Chapter 47 -
Chapter Nine - Chemistry Michael
I have decided that I love fishing. As long as I don't have to touch the worm, or the fish. Yes, I can rip out my enemy's throat with my own teeth, but please, do not give me anything slimy and squirmy. Lucky for me, William patiently took over those parts, with a little good-natured ribbing. I caught a few more fish, funny little flat-sided fish that William called "pumpkinseeds". He took them off my hook and then set them back in the water to swim away, hopefully no worse for the wear.
William brought in two big bass, that he declared as keepers, and a couple of smaller fish that he called "yellow perch" and one tiny pumpkinseed the size of a gold fish. "Wait, wait! I need a photo with this trophy fish!" he laughed, and he made me take his phone and take some posed shots with him holding up the fish that was no bigger than my thumb. I pulled out my own phone too, and took a couple of shots, so that I could have a photo of him also. When he was done playing with the poor thing, he finally threw it back, and went to the water's edge to wash his hands.

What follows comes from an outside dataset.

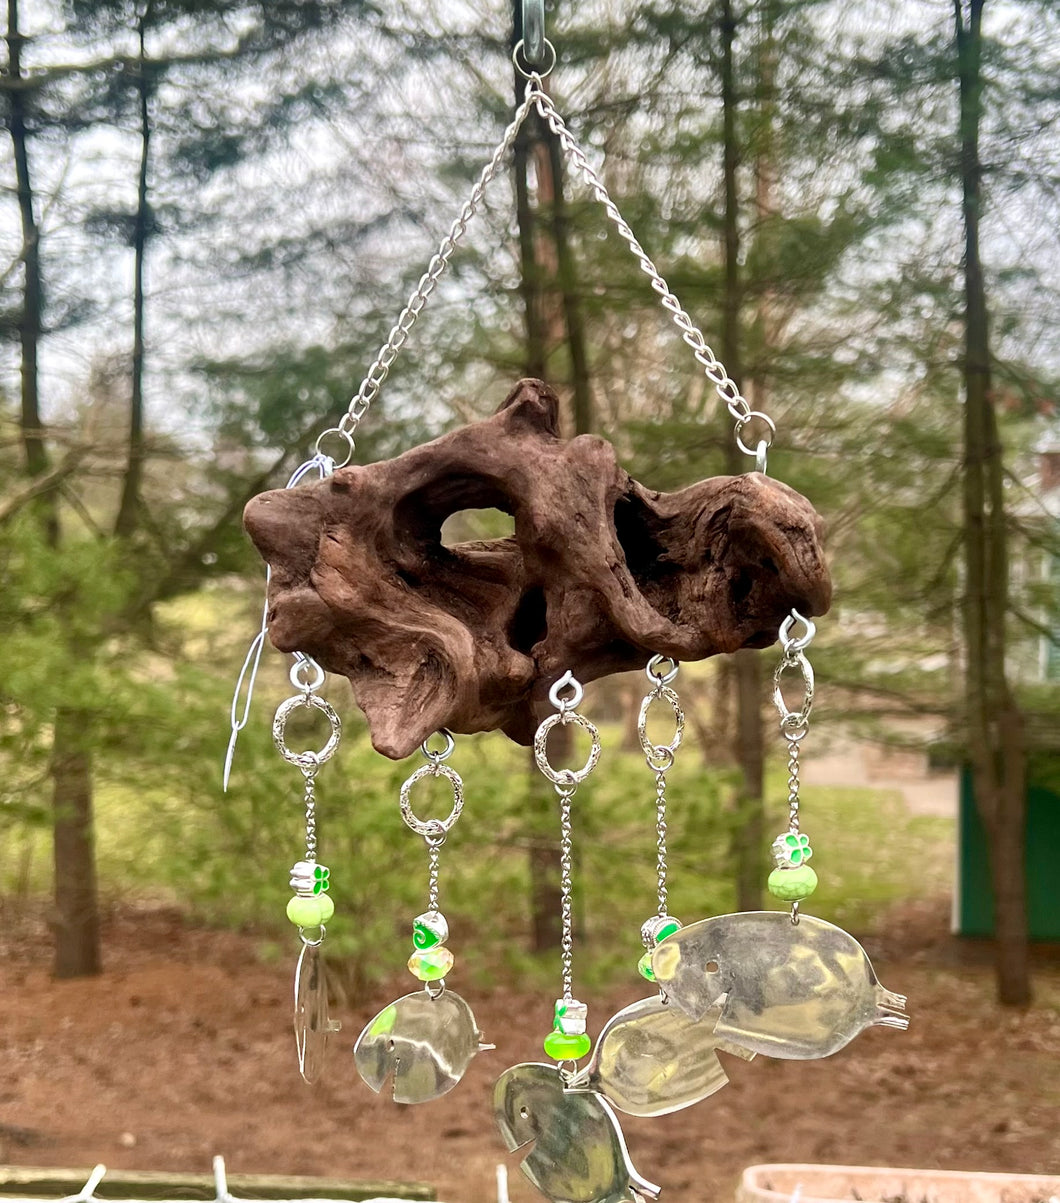 Spoon Fish & Driftwood Chime #26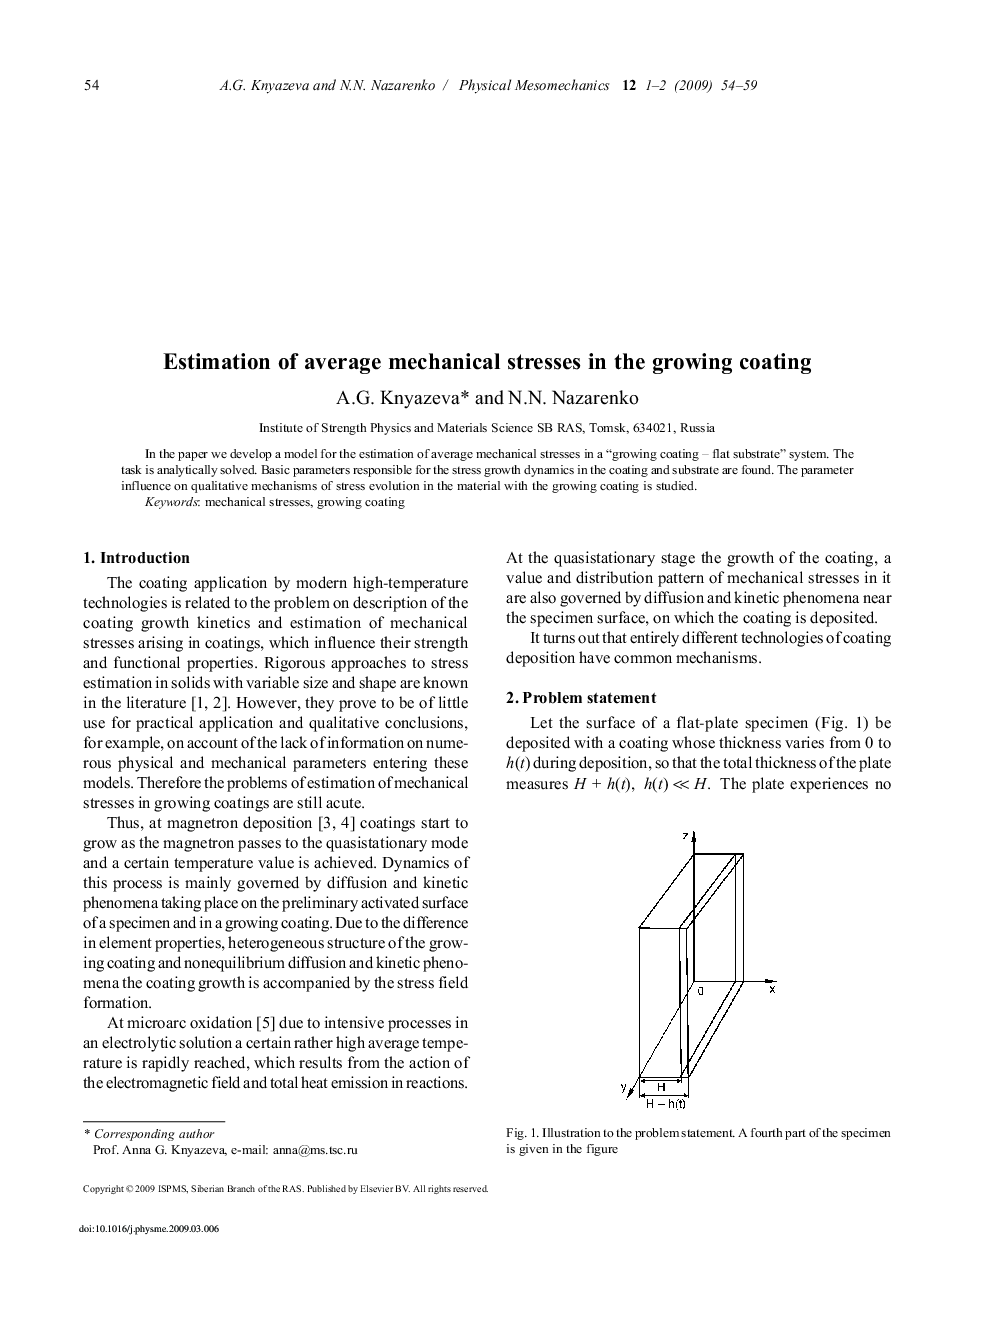 Estimation of average mechanical stresses in the growing coating

My stomach growled, letting me know that it was late in the afternoon, and we hadn't yet stopped for lunch. "Hey, I'm hungry!" I declared. "Let's eat!"
He agreed, and I took out my cooler. I admit, I didn't make the lunch myself. I'd given that task to one of the omegas from the kitchen. But I'd double checked to make sure she'd given us a good assortment. There were roast beef sandwiches, grapes, slices of cheese, and homemade chocolate chip cookies. For drinks there were bottles of lemonade or iced tea. I felt a little uneasy, thinking it looked like a kid's picnic lunch, instead of a spread for two grown men. William however, was delighted. "Wow this is great!" he flopped down cross legged, and dug in with gusto. He had half a sandwich in one hand, and a handful of grapes in the other. "When I come alone, I usually just bring a bottle of water and some beef jerky. This is way better. Oh my god, are those chocolate chip cookies?" He put his sandwich down and dove for the cookies.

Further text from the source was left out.